In the process, however, the media has split into different component parts. The front page of the Daily Star would have made me chuckle if it wasn’t so sad for the McCann family. ‘“Maddie” found in Greece’, it splashed one day – a few days later, ‘Maddie’ was ‘found’ in Ireland. A number of journalists actually rang me and asked me whether I had met any blonde Roma and whether the stereotype (of swarthy ‘Gypsies’) was wrong. I thought it was great that fellow journalists were trying to get up to speed fast on a complex story, but I do think it is disappointing that these age-old stereotypes are clinging on and doing so much damage to a Roma nation of several million people – of whom some 300,000, at most, live here at present.

To be fair, many broadsheets did their best to reflect other views – and to use Romani writers and journalists to do so, such as Louise Doughty, who wrote a great piece for The Guardian.

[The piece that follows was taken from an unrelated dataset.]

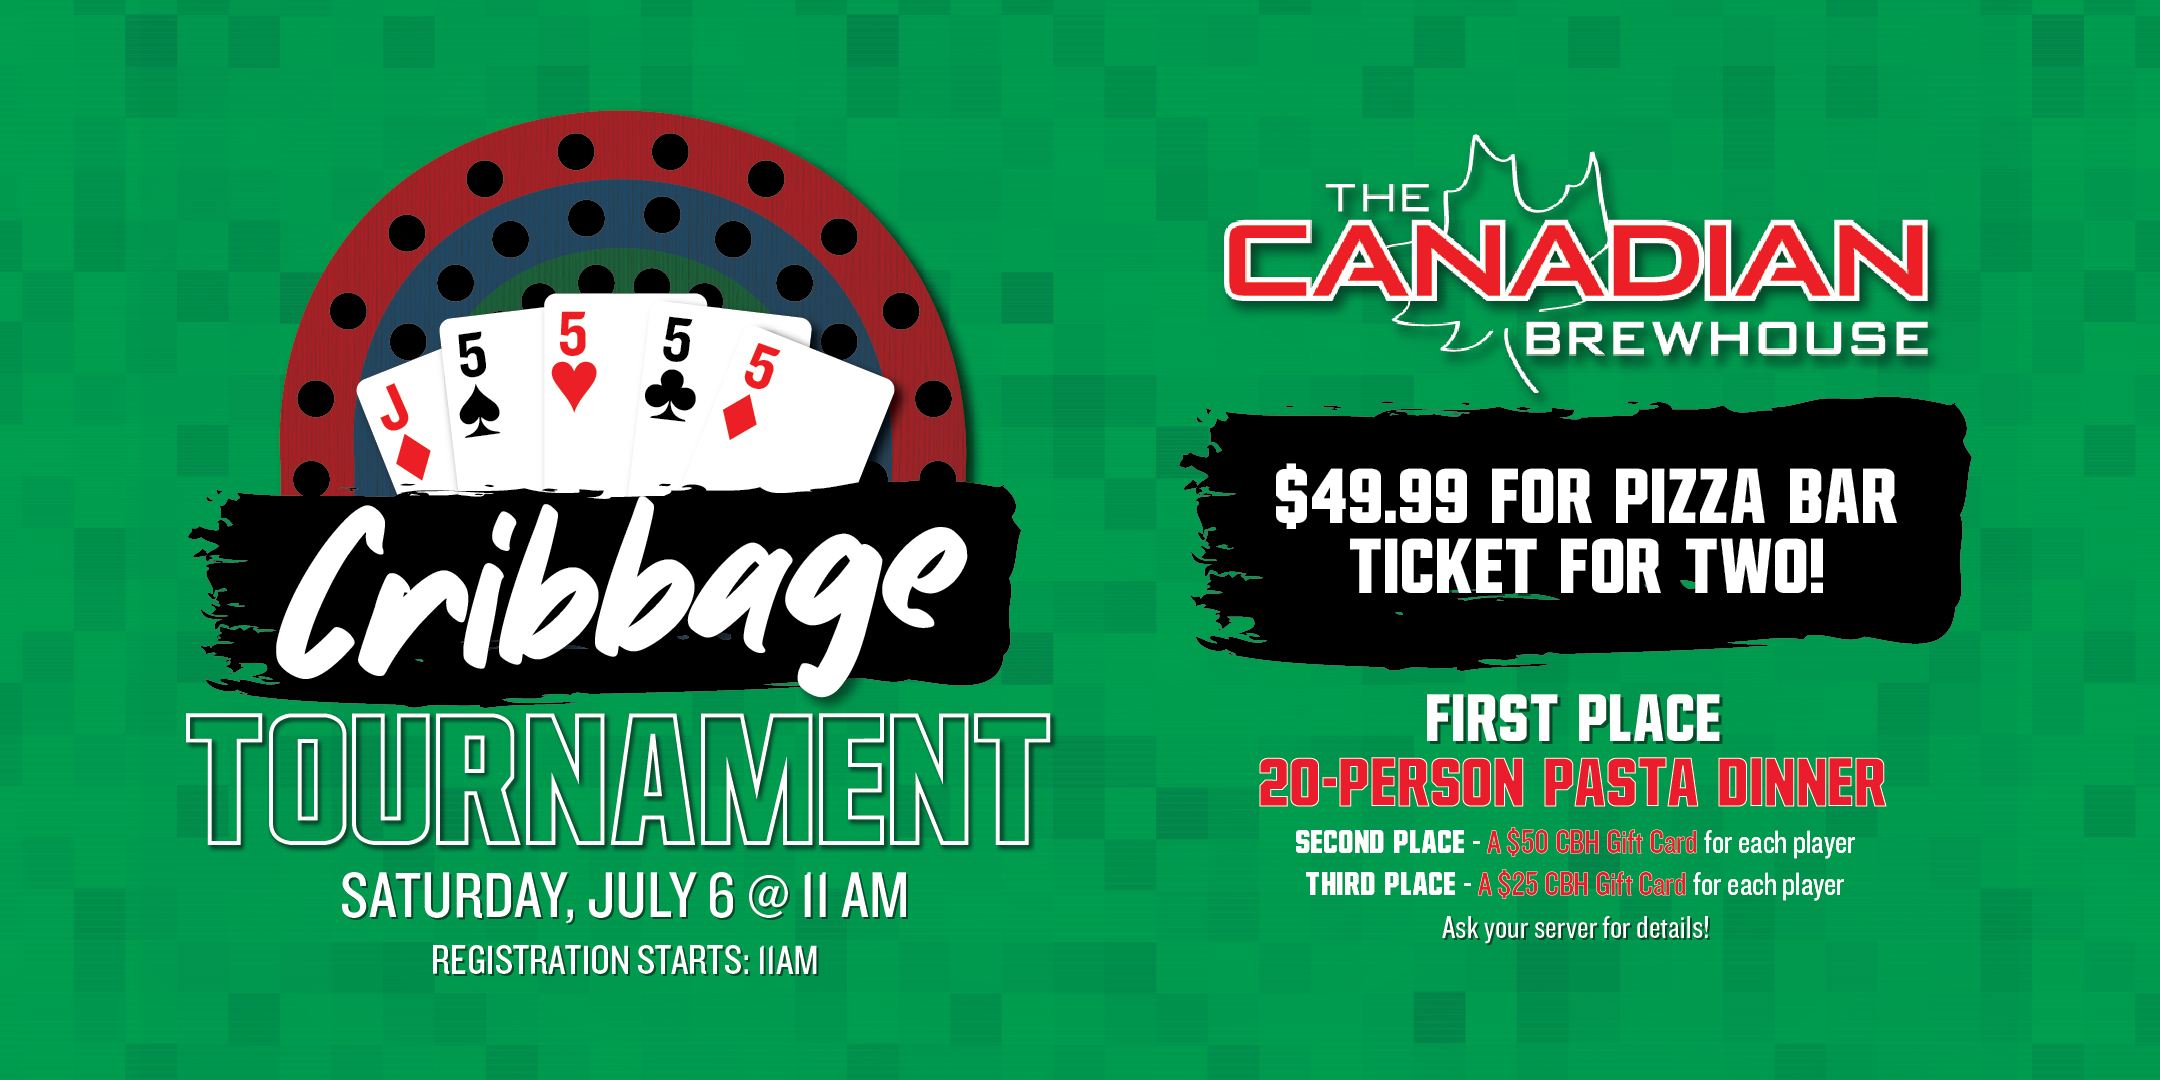 Cribbage Tournament at CBH Prince George. Saturday, July 6 at 11am. Registration starts: 11am. $49.99 for pizza bar ticket for two!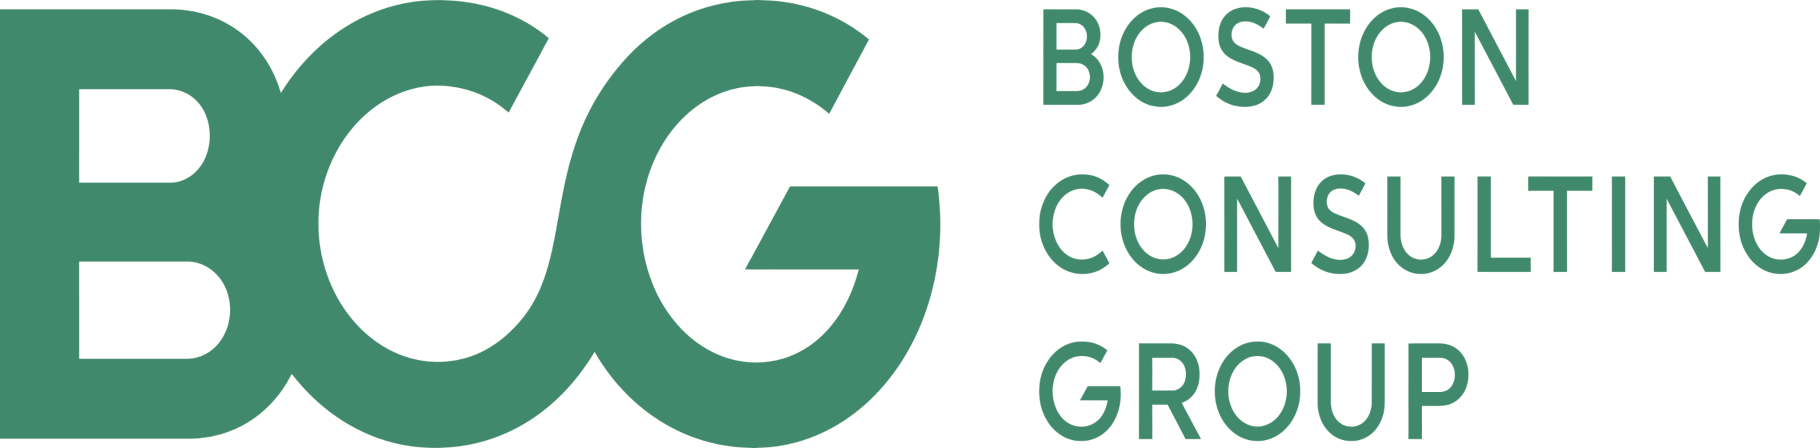 boston consulting group

Jake Bowers and Damian Le Bas have also appeared on the BBC and Channel 4, but the damage has been done – the stereotype spread to millions of people, mostly through the tabloid press – and was not countered even though shown to be untrue. Some columnists for broadsheet newspapers and magazines haven’t helped either, with Rod Liddle’s piece in The Spectator today standing out as particularly uninformed. I was disappointed, because The Spectator has published some good stuff on anti-Gypsy prejudice in the past (and I did a piece for them on Gypsy and Traveller entrepreneurs a while back).

So, in the interests of reality, rather than stereotyping, a quick news roundup on what I’ve learned over the last seven years, as I researched my book on nomadic communities in the UK (and newly arrived Roma, more recently). Firstly, I have learned that Roma people are varied. Surprise, surprise! But I can report that I’ve met a quietly spoken Roma police officer, a Roma charity and aid worker, a number of devout evangelical pastors, school-children, devoted and impoverished parents, artists and a wonderful young photo-journalist, among others.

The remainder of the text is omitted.